** Opening Information given block **

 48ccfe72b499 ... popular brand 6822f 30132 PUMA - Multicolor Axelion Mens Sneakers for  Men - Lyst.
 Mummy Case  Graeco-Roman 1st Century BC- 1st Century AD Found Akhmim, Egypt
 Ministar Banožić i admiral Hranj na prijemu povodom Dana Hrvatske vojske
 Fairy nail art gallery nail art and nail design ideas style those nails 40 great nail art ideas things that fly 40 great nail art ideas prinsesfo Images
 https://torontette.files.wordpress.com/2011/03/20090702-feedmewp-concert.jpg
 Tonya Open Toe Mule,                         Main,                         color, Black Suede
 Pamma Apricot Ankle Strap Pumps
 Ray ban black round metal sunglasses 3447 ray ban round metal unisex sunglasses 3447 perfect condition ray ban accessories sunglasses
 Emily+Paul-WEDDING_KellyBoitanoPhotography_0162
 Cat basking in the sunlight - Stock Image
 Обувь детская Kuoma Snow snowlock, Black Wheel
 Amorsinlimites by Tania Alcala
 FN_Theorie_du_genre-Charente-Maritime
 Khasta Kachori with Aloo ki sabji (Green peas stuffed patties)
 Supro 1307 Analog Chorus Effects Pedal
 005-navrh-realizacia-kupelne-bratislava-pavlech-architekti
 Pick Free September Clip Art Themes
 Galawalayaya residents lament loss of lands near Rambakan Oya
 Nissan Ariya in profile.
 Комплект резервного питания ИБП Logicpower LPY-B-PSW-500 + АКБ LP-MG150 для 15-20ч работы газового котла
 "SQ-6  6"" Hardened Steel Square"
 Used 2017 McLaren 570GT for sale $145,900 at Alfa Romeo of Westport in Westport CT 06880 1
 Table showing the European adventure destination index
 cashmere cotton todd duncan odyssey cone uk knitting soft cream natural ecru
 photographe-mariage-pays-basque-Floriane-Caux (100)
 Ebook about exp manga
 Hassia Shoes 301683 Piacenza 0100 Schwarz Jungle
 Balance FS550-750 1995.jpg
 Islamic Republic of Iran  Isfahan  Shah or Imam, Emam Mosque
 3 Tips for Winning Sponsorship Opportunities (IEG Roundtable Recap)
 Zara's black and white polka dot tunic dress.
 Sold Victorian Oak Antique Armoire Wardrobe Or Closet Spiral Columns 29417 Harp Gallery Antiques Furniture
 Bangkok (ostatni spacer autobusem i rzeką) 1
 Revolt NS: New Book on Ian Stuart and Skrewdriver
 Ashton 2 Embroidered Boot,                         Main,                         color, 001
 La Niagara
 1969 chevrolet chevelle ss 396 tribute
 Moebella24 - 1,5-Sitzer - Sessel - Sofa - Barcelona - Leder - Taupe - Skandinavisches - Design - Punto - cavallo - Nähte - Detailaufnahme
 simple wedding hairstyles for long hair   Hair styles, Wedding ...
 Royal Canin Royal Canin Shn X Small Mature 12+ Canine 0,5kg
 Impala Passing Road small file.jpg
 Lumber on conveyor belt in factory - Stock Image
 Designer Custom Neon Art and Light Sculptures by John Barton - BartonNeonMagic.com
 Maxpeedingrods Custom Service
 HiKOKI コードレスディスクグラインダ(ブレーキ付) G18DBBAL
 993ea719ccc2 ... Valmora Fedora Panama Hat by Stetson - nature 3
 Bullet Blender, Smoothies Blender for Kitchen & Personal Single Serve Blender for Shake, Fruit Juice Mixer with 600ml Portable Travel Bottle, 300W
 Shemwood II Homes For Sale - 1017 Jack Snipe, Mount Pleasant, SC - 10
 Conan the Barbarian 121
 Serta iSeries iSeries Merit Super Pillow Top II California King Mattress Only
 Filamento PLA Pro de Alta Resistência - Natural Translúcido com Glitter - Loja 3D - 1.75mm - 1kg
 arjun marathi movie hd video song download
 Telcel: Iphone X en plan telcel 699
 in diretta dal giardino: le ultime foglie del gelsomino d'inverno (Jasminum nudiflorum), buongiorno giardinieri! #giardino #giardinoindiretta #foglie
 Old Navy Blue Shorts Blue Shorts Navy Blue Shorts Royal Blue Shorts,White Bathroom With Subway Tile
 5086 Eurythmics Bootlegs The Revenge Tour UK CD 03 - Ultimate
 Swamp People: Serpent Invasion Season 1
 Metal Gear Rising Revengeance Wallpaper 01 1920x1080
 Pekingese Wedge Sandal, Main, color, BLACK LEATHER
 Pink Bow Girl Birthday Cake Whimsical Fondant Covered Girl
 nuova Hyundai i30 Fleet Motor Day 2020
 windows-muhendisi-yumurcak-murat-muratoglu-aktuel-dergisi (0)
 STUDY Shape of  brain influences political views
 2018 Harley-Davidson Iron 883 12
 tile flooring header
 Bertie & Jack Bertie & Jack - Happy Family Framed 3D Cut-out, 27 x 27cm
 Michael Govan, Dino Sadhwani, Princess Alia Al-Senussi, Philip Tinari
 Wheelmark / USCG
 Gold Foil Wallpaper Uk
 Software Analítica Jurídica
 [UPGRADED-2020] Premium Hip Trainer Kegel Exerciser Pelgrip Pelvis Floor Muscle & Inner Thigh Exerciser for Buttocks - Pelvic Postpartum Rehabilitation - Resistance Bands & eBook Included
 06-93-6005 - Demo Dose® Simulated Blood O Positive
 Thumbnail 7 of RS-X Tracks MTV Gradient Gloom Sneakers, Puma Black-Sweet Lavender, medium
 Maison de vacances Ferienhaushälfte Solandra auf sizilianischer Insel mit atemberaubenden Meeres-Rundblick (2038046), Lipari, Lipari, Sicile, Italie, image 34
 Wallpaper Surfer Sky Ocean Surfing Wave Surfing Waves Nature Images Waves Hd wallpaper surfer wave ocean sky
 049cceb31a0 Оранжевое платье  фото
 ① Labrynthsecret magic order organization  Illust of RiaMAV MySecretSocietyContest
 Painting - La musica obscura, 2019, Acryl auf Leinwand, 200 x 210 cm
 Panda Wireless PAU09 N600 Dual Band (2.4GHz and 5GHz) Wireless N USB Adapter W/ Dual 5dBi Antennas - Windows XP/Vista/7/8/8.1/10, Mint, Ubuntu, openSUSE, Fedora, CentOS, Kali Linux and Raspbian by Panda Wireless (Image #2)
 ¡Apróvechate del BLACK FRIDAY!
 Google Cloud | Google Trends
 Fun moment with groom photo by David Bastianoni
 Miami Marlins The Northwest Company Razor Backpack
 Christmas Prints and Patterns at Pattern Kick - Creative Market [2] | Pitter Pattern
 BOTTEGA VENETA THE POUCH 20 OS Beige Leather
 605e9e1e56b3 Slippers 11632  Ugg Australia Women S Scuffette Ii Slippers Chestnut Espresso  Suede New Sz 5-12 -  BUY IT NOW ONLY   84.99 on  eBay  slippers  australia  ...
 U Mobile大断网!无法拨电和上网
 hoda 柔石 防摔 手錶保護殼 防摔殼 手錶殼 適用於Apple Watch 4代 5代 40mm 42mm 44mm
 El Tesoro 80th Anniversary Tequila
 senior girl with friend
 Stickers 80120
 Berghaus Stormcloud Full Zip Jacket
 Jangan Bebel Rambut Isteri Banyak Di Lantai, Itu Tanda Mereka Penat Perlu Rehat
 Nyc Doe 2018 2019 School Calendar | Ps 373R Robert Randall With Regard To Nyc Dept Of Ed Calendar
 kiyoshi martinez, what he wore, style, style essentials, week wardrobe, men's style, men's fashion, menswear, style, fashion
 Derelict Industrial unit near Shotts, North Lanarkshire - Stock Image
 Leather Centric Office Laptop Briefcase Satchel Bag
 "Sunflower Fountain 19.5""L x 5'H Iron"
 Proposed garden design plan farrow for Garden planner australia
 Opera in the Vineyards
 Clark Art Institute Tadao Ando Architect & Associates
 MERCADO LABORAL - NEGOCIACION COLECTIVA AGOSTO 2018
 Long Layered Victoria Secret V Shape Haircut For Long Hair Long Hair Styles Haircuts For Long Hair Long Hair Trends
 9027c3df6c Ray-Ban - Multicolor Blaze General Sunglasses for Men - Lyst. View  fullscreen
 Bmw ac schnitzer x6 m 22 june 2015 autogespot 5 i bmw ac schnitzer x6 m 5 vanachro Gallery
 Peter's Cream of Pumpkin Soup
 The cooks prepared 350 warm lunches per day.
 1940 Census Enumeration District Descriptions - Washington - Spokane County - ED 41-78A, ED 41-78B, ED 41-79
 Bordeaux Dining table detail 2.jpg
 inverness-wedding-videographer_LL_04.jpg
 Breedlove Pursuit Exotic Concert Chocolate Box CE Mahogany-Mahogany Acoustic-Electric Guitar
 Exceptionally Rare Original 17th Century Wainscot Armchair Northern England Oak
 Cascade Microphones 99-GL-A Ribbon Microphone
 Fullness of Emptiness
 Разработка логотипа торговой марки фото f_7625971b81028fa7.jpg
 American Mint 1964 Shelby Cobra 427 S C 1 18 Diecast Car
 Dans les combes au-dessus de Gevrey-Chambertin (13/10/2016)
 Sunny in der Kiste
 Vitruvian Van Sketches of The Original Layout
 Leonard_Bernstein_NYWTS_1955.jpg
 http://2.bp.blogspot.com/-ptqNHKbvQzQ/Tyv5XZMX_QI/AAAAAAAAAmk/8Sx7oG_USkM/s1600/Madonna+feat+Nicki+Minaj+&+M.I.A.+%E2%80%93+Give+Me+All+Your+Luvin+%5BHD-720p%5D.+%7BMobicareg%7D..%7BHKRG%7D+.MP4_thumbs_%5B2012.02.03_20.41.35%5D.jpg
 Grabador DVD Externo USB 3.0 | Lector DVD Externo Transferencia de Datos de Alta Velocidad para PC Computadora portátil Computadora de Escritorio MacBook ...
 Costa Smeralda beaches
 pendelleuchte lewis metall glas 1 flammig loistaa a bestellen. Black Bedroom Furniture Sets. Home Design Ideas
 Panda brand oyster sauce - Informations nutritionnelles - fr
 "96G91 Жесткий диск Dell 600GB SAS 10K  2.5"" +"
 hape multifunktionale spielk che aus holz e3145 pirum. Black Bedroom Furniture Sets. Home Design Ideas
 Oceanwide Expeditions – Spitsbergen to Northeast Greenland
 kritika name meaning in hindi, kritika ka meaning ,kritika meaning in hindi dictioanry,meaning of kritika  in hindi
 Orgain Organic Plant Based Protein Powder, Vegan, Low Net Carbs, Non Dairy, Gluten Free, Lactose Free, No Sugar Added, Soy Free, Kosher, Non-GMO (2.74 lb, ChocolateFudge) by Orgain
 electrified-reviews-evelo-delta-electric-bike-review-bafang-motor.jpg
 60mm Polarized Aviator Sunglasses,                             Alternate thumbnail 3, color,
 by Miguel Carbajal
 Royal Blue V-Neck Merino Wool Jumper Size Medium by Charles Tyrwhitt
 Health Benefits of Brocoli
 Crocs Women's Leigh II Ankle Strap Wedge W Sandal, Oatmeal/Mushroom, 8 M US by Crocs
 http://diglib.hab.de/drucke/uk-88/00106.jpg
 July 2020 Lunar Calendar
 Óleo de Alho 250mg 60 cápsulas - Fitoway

** Closing Information given block **

» **Work to complete**:
The line containing "Health Benefits of Brocoli" and every line after it, through the end of the records, should be repeated exactly and alone.

» **Output of the exercise**:
 Health Benefits of Brocoli
 Crocs Women's Leigh II Ankle Strap Wedge W Sandal, Oatmeal/Mushroom, 8 M US by Crocs
 http://diglib.hab.de/drucke/uk-88/00106.jpg
 July 2020 Lunar Calendar
 Óleo de Alho 250mg 60 cápsulas - Fitoway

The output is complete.